A ban on candles is long overdue

People gather at the scene where one Steven Luyomba,50, his wife Doreen Nafula, 35 & their 3 children were burnt to death as they slept after the fire tore through their house in Yoka zone in Bukasa parish, Makindye Division in Kampala. Photo | Sylvia Katushabe

What you need to know:

The issue: Candle fires

Our view:  What is needed is for the government to make solar affordable to all. Ban candles today and work on making solar and other clean energy solutions affordable for all

Steven Luyomba, his wife Doreen Nafula, and their children Sumei Lubega, Edith Naiga, and Andrew on Tuesday evening retired for the night in their home at Yoka zone in Bukasa Parish, Makindye Division in Kampala to what was supposed to be the universally acclaimed ‘sweetest thing.’ But that sleep turned into the worst nightmare as they were disrupted by a fire in their home and lost all desperate battles to escape – it claimed their lives.

Luyomba and his family became just another statistic in the grim epitaph of fire victims in this country.
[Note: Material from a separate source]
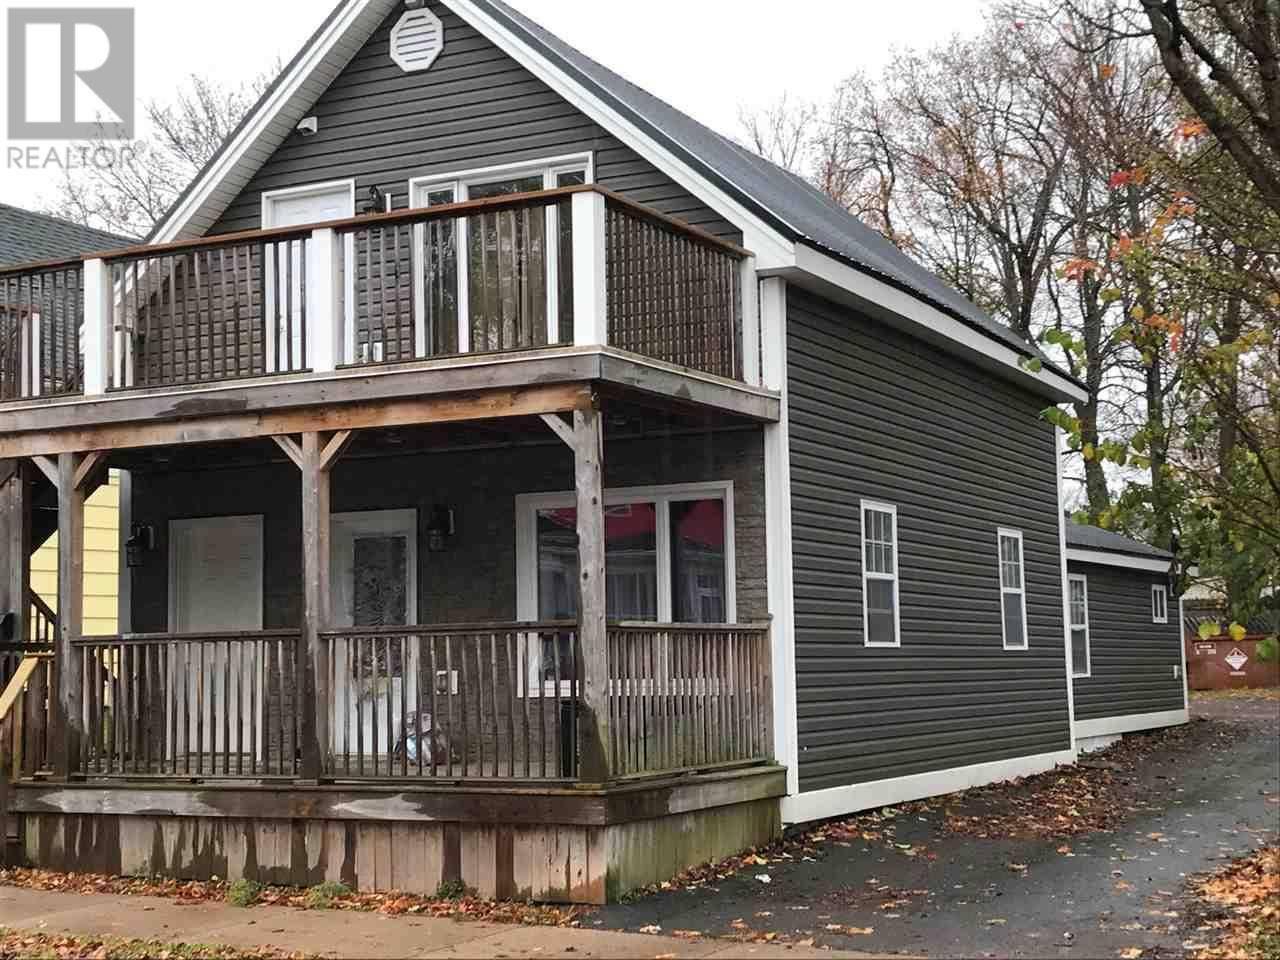 Townhouse for sale at 90 Dominion St Truro Nova Scotia - MLS: 201927240
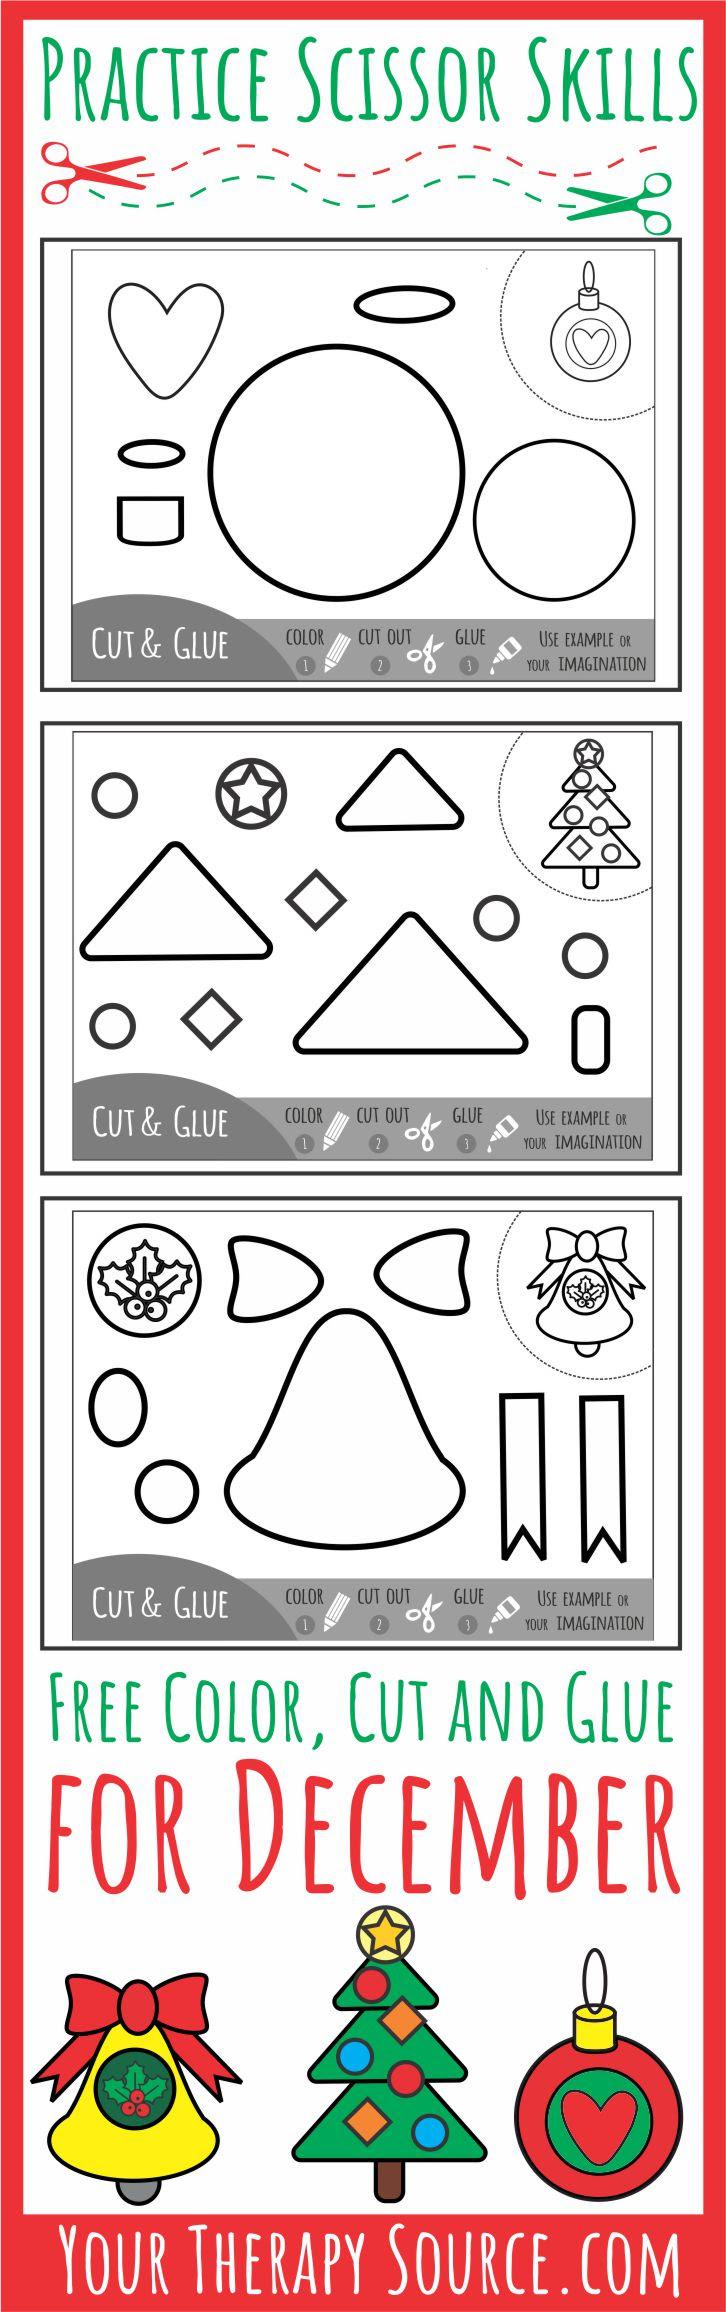 Color Cut Glue December

They had been reduced to charred remains by just a tiny piece of energy item called a candle. Where bullets kill in violent times, the candle has arguably become one of the single most devastating killer “weapon” in peaceful times, “attacking” and taking lives and causing loss of property worth billions of shillings annually in the country.

While there are no official figures readily available on the number of victims of fires started by candles, there is enough evidence to call for serious attention on how to move away from reliance or even any use of this wax substance. From the lowest village setting to modern city abodes, candles know no class. Like the makeshift kereone lamp (tadoba) that dominated nightlife in the yesteryear, the candle is almost indispensable to most homes in a country where even those living a stone’s throw away from power generation plants such as in Jinja endure intermittent power cuts.

Several fire incidents in schools that have claimed lives and caused huge losses in property destroyed have been blamed on candles. Yet solar energy offers safer alternative to the candle. What is lacking is the needed deliberate effort from the government to effect lifelong change from candle to solar.

Concerned authorities such as Parliament need to look into this. At a time governments are spending billions in conferences to discuss clean energy solutions, it should be embarrassing that tadoba and candles are still lit in homes and causing deadly fires.

A government that keeps losing its citizens and their property to fires must at some point ask itself the big question – until when? For the country, that moment was yesterday. And today is the time to say enough is enough with the candles.

A total ban on candles is needed to kick-start a clean energy revolution and save lives of the citizens and their property. Giving incentives that promote affordable energy solutions is one way to go about it. Moreover, the country is already dotted with so many solar energy providers. What is needed is for the government to make solar affordable to all.

Ban candles today and work on making solar and other clean energy solutions affordable for all.